Nevel seems to mean "skin-bottle", perhaps because of its shape.
Because the strings enter the top of the soundbox, it is more of a
harp-lyre than the kinnor, whose strings stretch over a bridge on
the side of the box in a lyre-like way.
The kinnorot and nevelim (plural terms), with their light
framework and high tension strings, produced enough volume to compete
with rams' horns, trumpets, and cymbals, and were used in both
sacred and secular settings, accompanying choirs and soloists as well as song and dance.
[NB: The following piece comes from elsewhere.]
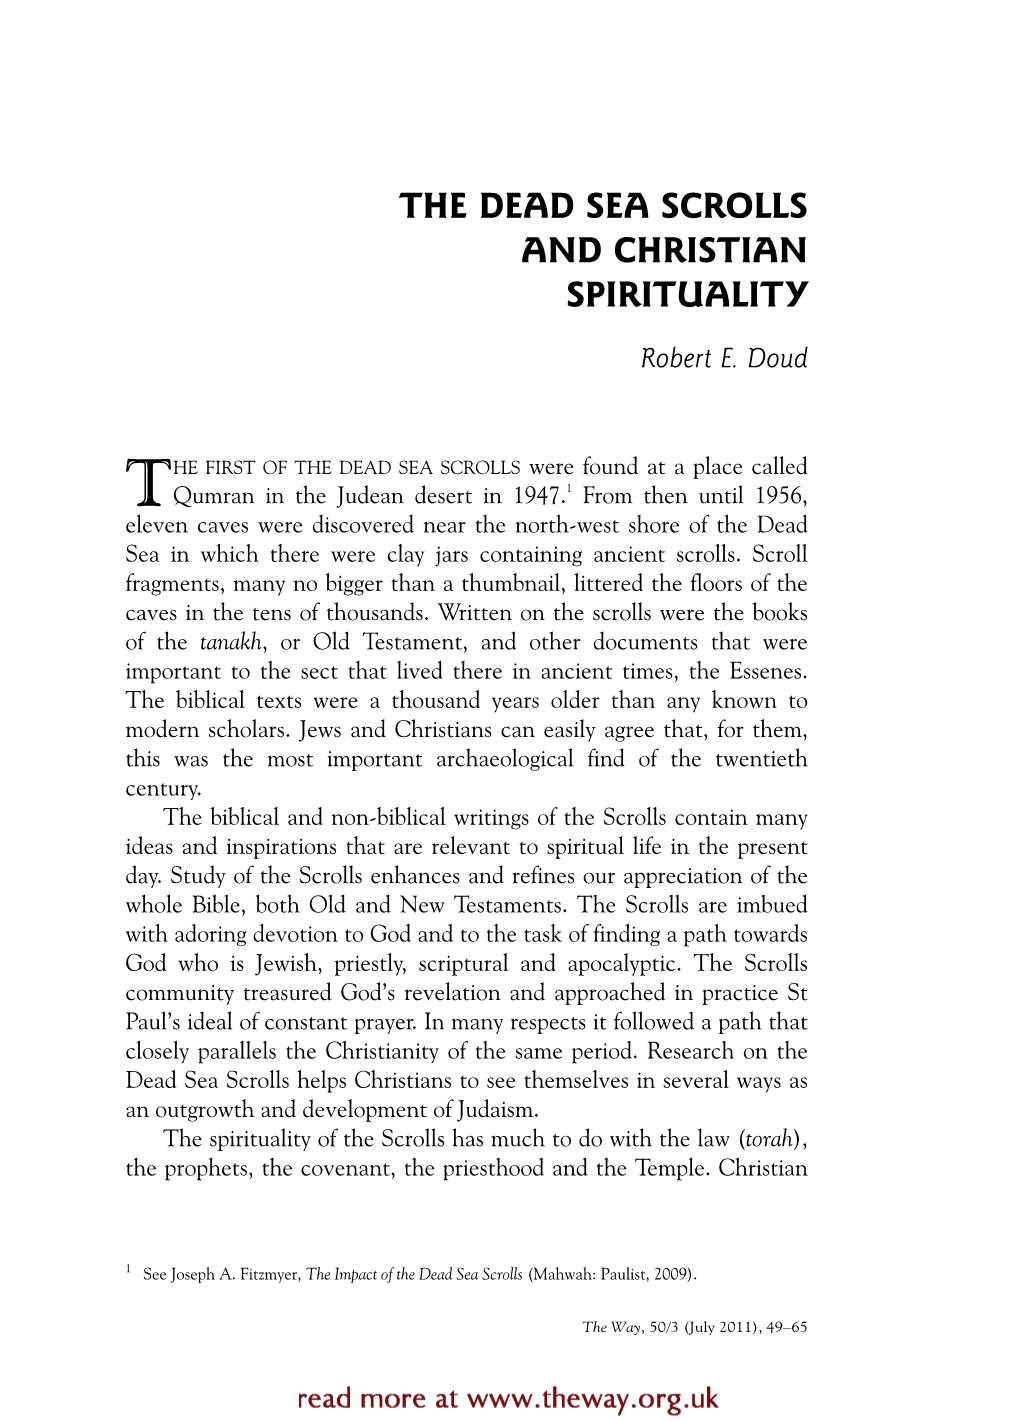 The Dead Sea Scrolls and Christian Spirituality

Vocal melodies and instrumental accompaniment at that time were
commonly conducted using gestures of the hands and fingers. Apparently
the Hebrew Scriptures were sung to melodies conducted by a gestural
system, for a transcription of such gestures is still found in the
Hebrew Masoretic Text. All scriptures, not just the Psalms and songs,
could in principle have been accompanied by kinnorot and
nevalim, for "Thy statutes have been my zemirot (songs
accompanied by plucked stringed instruments) in the house of my
pilgrimage" (Psalm 119:54, KJV). The vocal melodies preserved by the
biblical notation, then, would naturally have been accompanied by the
biblical stringed instruments, as tuned to compatible scales and modes
On the basis of the late Suzanne Haik-Vantoura's decipherment of the biblical
notation, I suggest that the kinnor and nevel may have been
tuned in the following basic scales, with (E) as the tonic of the basic
mode:
A B C D (E) F G A B C D E (nevel)
A B C D (E) F G A B C (kinnor)
The instruments would have been tuned to the "Pythagorean"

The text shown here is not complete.